Along the way to the sonogram breakfast meeting, I lost my hope. It was gone. I wasn’t sure if I would survive. I knew that I would never work again. I knew that my life was over. Maybe my daughter would survive, but I could see nothing but loss, pain, and fear. That was the first time I remember feeling the fist of anxiety. A fight-or-flight grip in my solar plexus. Sure, the anxiety meds would calm me, but they had their own fog of limitation. It was the loss of my inner “it’s going to be okay” voice that frightened me. Even in the mental hospital, I could talk myself into a dull dumbness. My zombification had a monologue of encouragements. “This is going to make a great story. Winter will end. One more day.

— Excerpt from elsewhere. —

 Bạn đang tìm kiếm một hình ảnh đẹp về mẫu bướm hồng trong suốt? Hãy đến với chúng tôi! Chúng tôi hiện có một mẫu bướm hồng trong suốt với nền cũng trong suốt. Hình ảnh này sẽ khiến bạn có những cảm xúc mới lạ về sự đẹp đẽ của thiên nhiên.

I can do this.”
I’m only able to imagine my son’s pain in terms of my personal experience. He is an island in the middle of rough seas of his own making. It’s as if, I offer an idea, his internal teenager says, “Fuck that, I’m going the other way.”
As I release myself from his orbit, I too am released. Exhaustion is part of depression too. I am not exhausted. I’m taking a moment for myself. My own recovery requires attention to self-care, healthy habits, and time in quiet reflection. Here I am. On a plane. Next to a couple watching The Great Gatsby, Wolf of Wall Street Edition. One of my son’s favorite movies. I prefer the Robert Redford version.